+++ INFORMATION PROVIDED

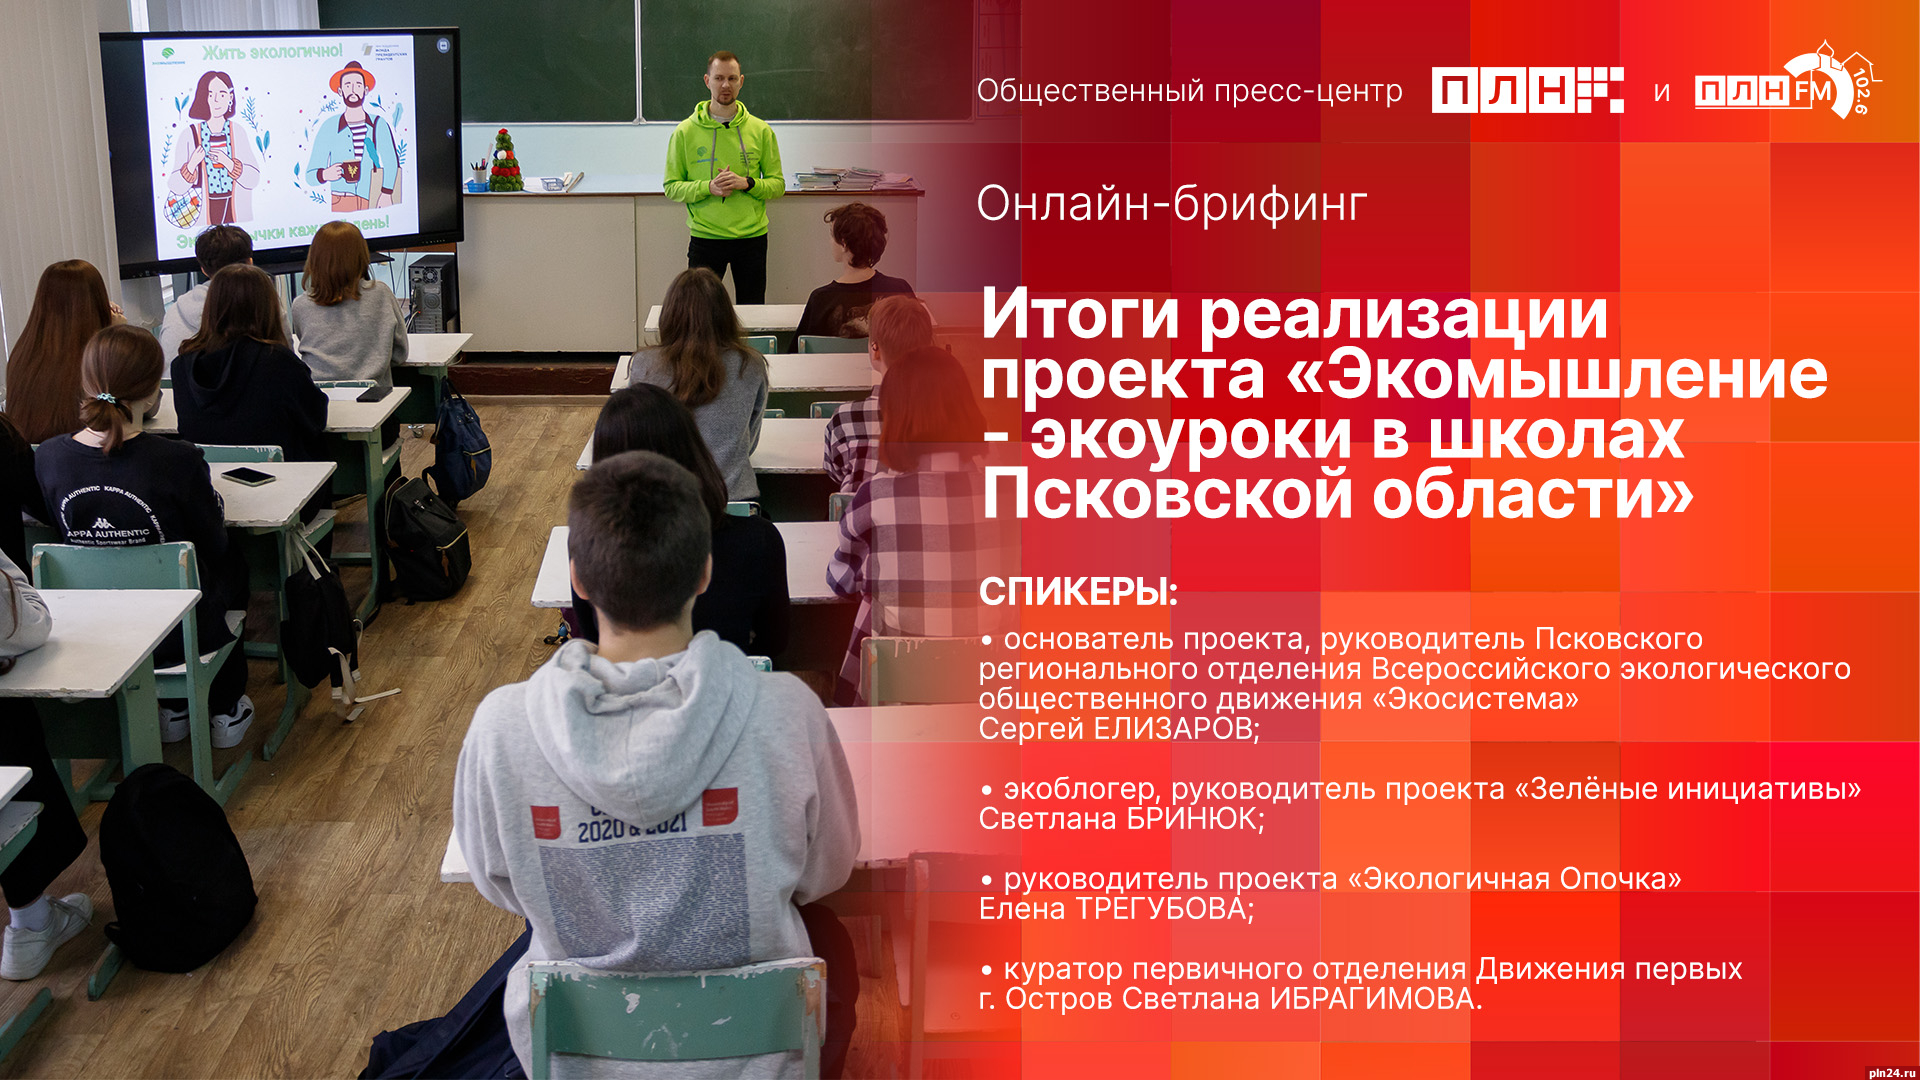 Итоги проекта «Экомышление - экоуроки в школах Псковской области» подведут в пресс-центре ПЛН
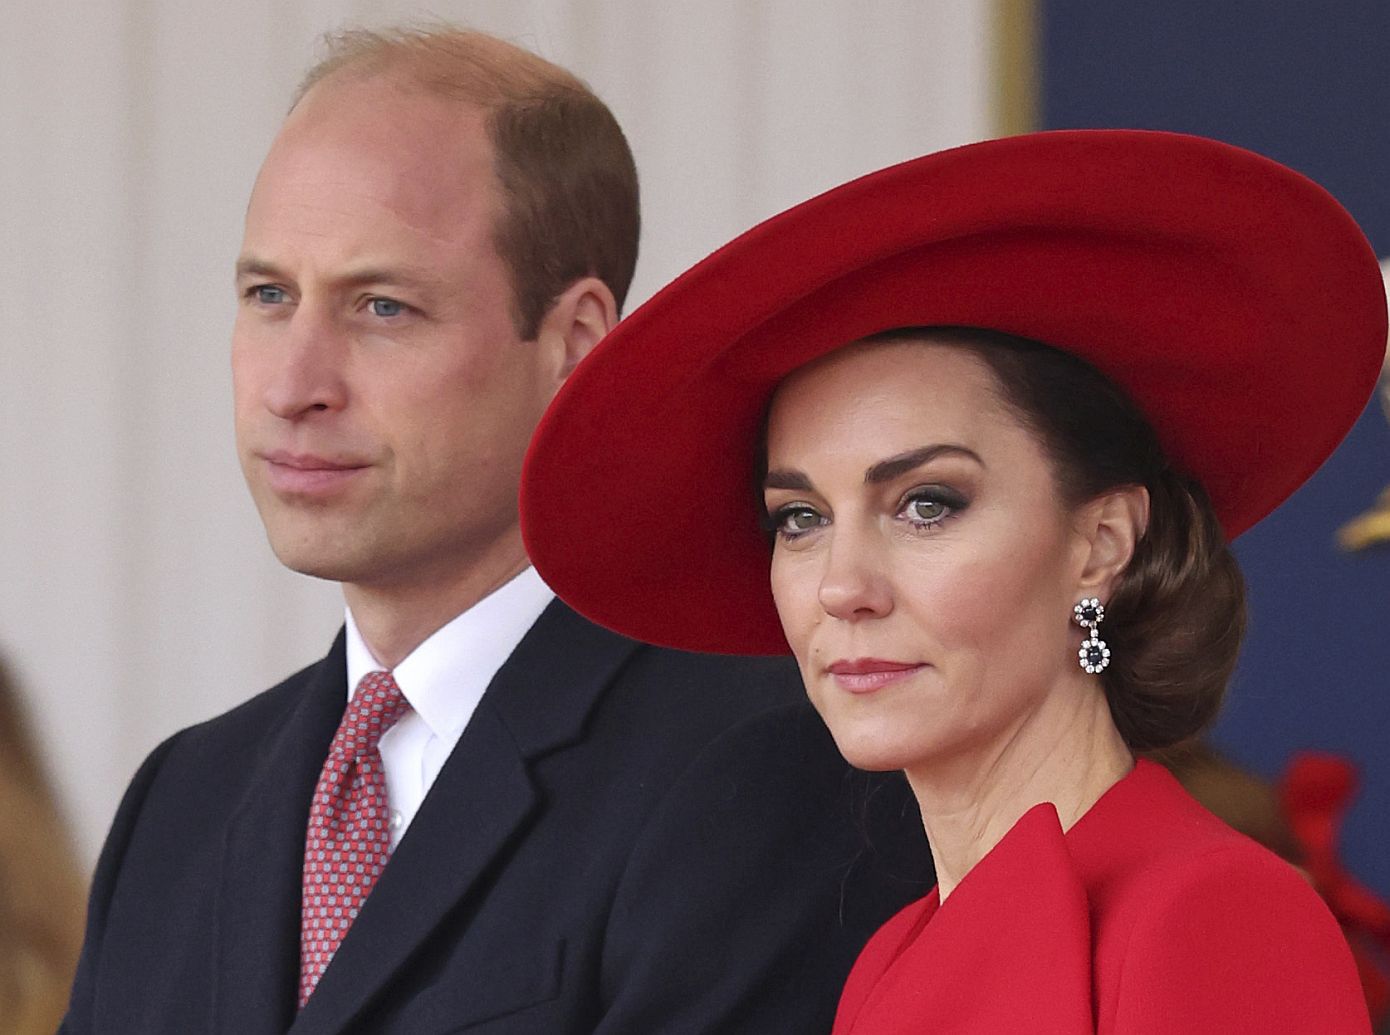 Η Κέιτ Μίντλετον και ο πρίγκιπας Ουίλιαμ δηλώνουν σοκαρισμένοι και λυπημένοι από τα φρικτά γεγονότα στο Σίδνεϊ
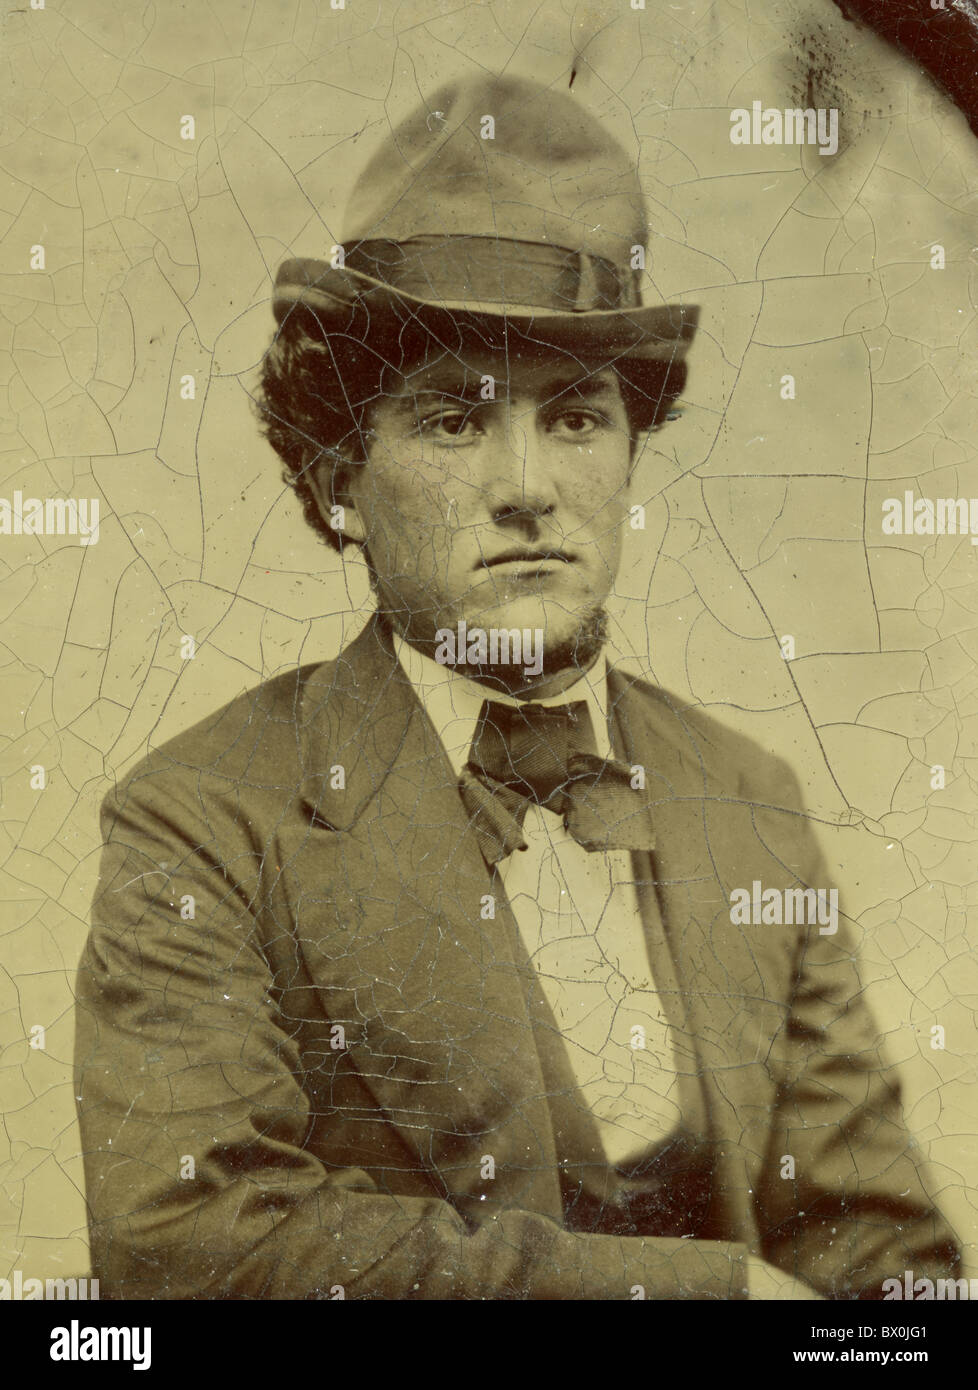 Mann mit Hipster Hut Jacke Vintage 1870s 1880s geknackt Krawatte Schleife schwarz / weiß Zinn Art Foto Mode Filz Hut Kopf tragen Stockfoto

++++++

• **PROBLEM TO SOLVE**
Would you retype the material exactly, omitting each picture?

• **EXERCISE RESULT**
 Итоги проекта «Экомышление - экоуроки в школах Псковской области» подведут в пресс-центре ПЛН
 Η Κέιτ Μίντλετον και ο πρίγκιπας Ουίλιαμ δηλώνουν σοκαρισμένοι και λυπημένοι από τα φρικτά γεγονότα στο Σίδνεϊ
 Mann mit Hipster Hut Jacke Vintage 1870s 1880s geknackt Krawatte Schleife schwarz / weiß Zinn Art Foto Mode Filz Hut Kopf tragen Stockfoto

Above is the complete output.